Я как раз был в своей Глуше, когда стало известно, что произошло в Москве на XX съезде. Первый порыв — бежать к Михаилу Денисовичу, с ним на пару осмыслить, обсудить, пережить. Он ведь мне кое-что рассказывал, по тем временам — даже многое. А однажды я возил его в Менск — к преподавательнице пединститута, в котором заочно Михаил Денисович когда-то учился. Для пенсии нужно было подтверждение, документы у него не сохранились. Нелегко нам было добираться — с такой его ногой, рукой. Нужный нам дом стоял недалеко от вокзала, лифта в нем не было, как-то взобрались по лестнице, дверь открыла приятная на вид женщина, которую Михаил Денисович узнал сразу, а потом и она его признала — с каким-то жадным испугом. «Заходите, заходите!» Разобралась, какая к ней просьба: «Нет, нет, нет! Вы меня должны понять!» Таких перепуганных глаз я и в войну не видал. Михаил Денисович принял происшедшее как должное. На обратном пути ни словом не откликнулся на возмущенную, гневную мою ругань в адрес женщины. (А я, не очень памятливый на имена-фамилии, и сегодня ее фамилию помню, тогдашним мстительным чувством закрепленную.)
Михаил Денисович по ночам писал свою жизнь. Читать мне ничего не давал, но что он пишет, я знал. Он мне это сообщил неожиданно, вырвалось в разговоре. Сказал и замолчал. Посмотрел мне внимательно в глаза.
— Будем надеяться, что кому-нибудь наш опыт поможет. Лет через пятьдесят, когда об этом заговорят открыто. Вы только не проговоритесь Марии Денисовне, что знаете.
И снова внимательно вгляделся в меня, куда-то внутрь, куда сам я, быть может, еще и не заглядывал. (Хотя, конечно же, уверен был, что себя знаю, войной испытан!)
И вот я прибежал сообщить ему о докладе Хрущева. Был он в хате один, еще не бритый, по-больничному неопрятный, может быть, уснул только что, а я его разбудил. Пока поднялся, спустил на пол ногу, вцепившись здоровой рукой в край круглого стола, придвинутого к его кровати, я успел все главное рассказать. Стукнула дощатая наружная дверь, потом тяжелая дверь в кухню, грохнули дрова у печки, и тогда он закричал, будто на помощь зовя:
— Мария!

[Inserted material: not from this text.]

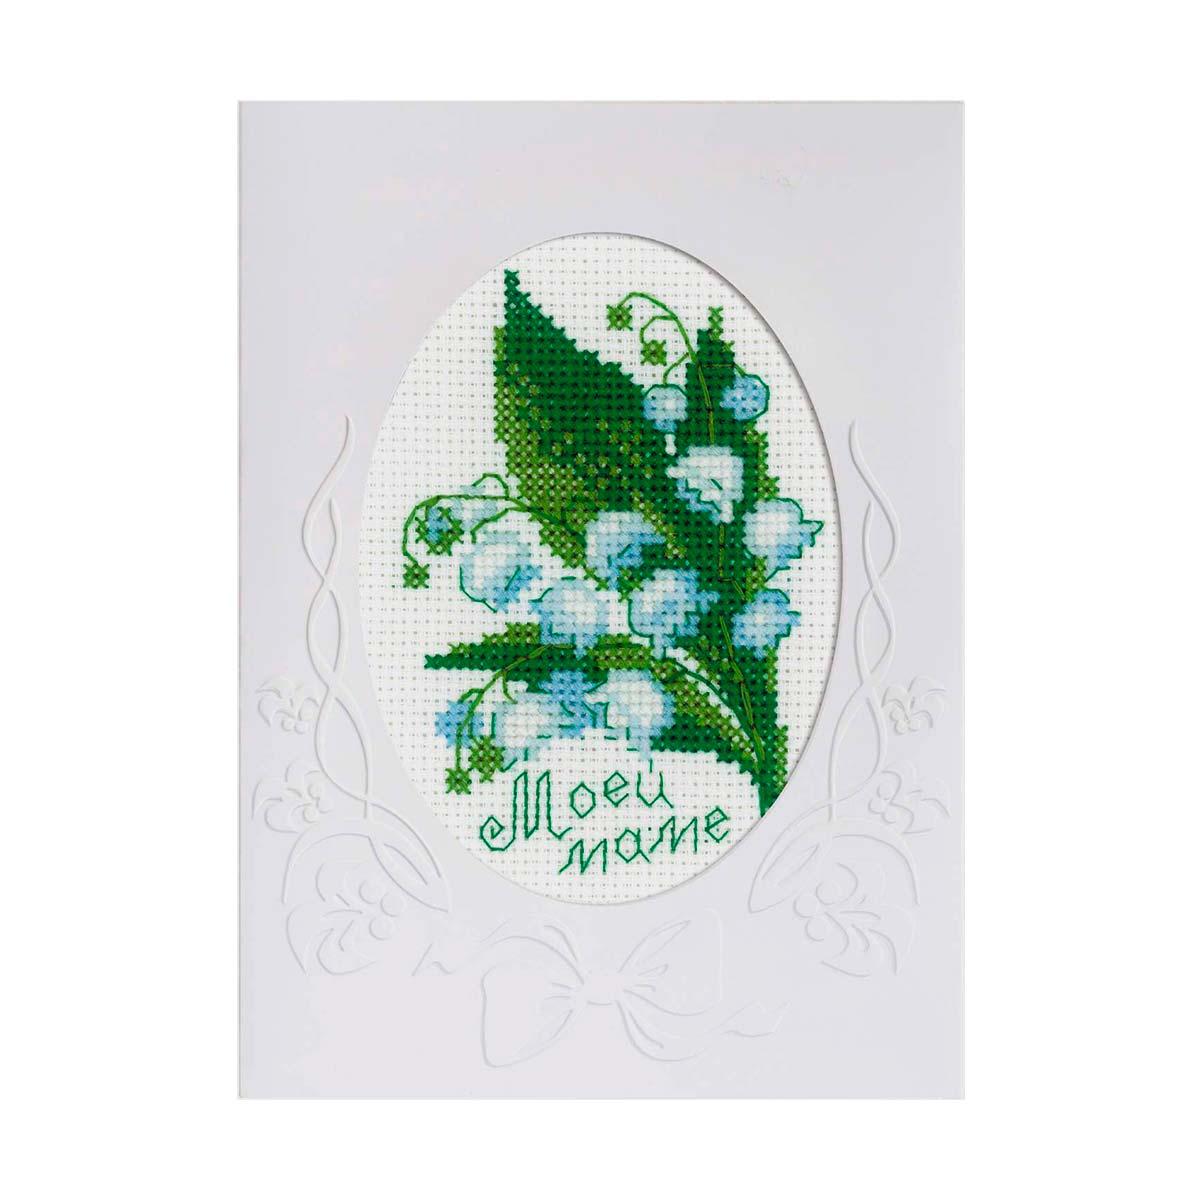 1514АС Набор для вышивания Riolis 'Открытка 'Моей маме', 11,8*16,4 см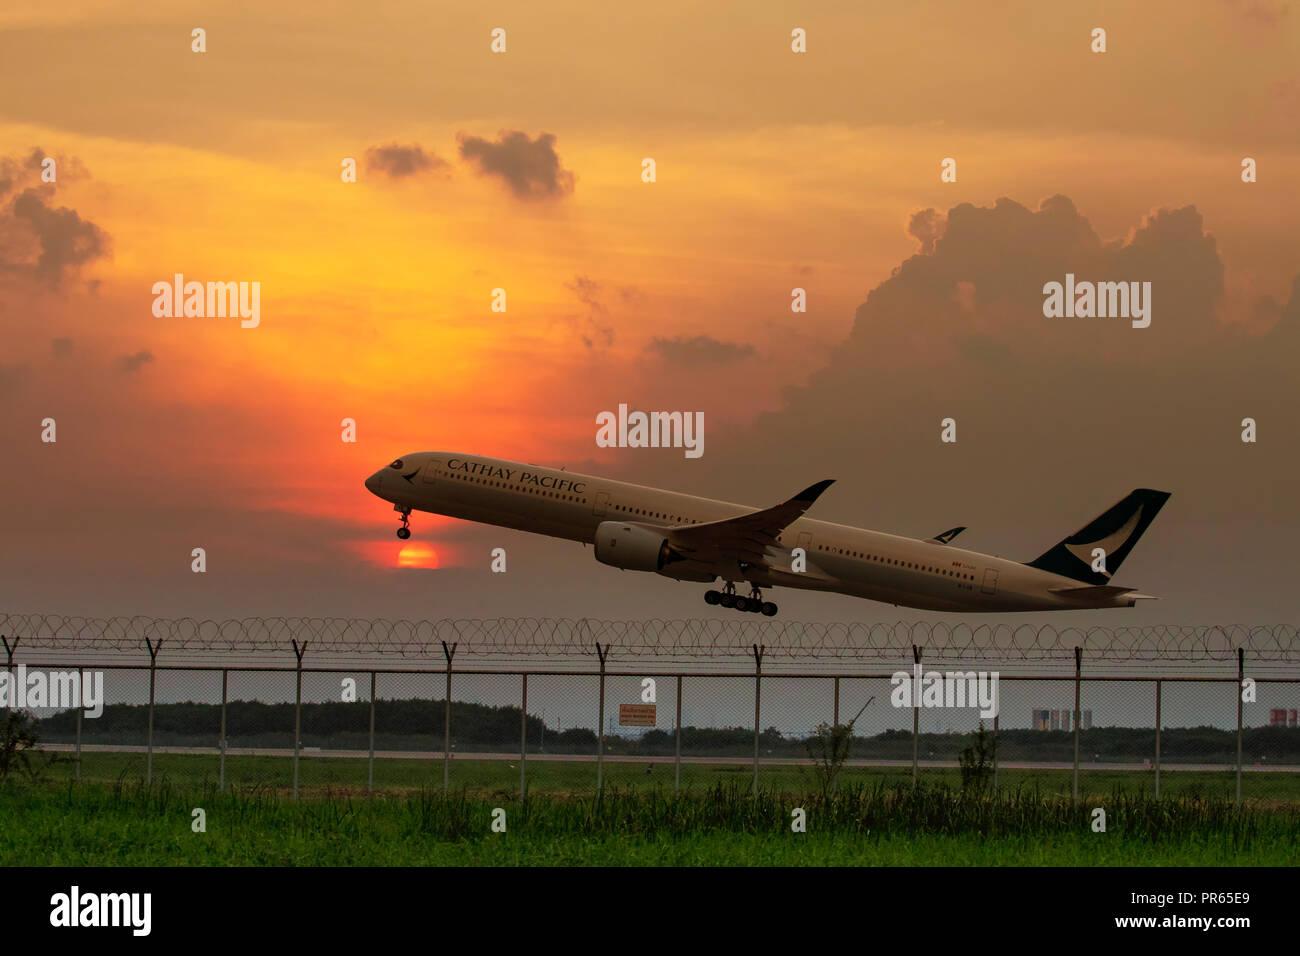 bangkok thailand - september29,2018 : cathay pacific plane take off from suvarnabhumi airport runway, suvarnabhumi airport is largest commercial airpo - Stock Image

Мария!
А когда она вбежала, испуганная, закричал еще громче:
— Неси! Неси их сюда! Бумажки мои!
Женщина не двигалась с места, не понимая, что происходит. Я стал объяснять, тоже почти криком, а Михаил Денисович меня перебивал:
— Где они там у тебя? В дровах? Неси их сюда!
— Прости, Миша. — Тихий ее голос оборвал наш крик. Ушла на кухню и тотчас вернулась, протянула брату несколько листочков.
— Миша, это все. Вчерашние. Неужели ты мог подумать, что я их буду прятать.
Она заплакала.
— Мало тебе досталось? Нам всем. Как я могла даже подумать, чтобы их хранить?
— А где они? — все еще с надеждой выкрикивал человек.
— Я ими растапливала печь каждое утро. Вот и эти приготовила. Прости меня, если можешь!
Теперь мы с нею стоим под запыленным тополем на обочине нашей «варшавки», по которой еще на моей памяти евреи-балаголы возили бутылки в город на лошадях; по ней, уже заасфальтированной, пролязгали на восток немецкие танки, потом возвращались наши, по ней такси столько раз привозило меня из Бобруйска — на асфальтовую эту стрелу столько всего нанизано. Женщина все повторяет те, последние слова брата: «Хорошо-о-о! Хорошо-о-о!», голос, глаза ее, очень похожие на братовы, ищут, добиваются от меня какого-то подтверждения. Может быть, у всего был какой-то смысл? Нам неведомый. А то ведь и совсем уж обидно.
1964 - декабрь 1986 гг.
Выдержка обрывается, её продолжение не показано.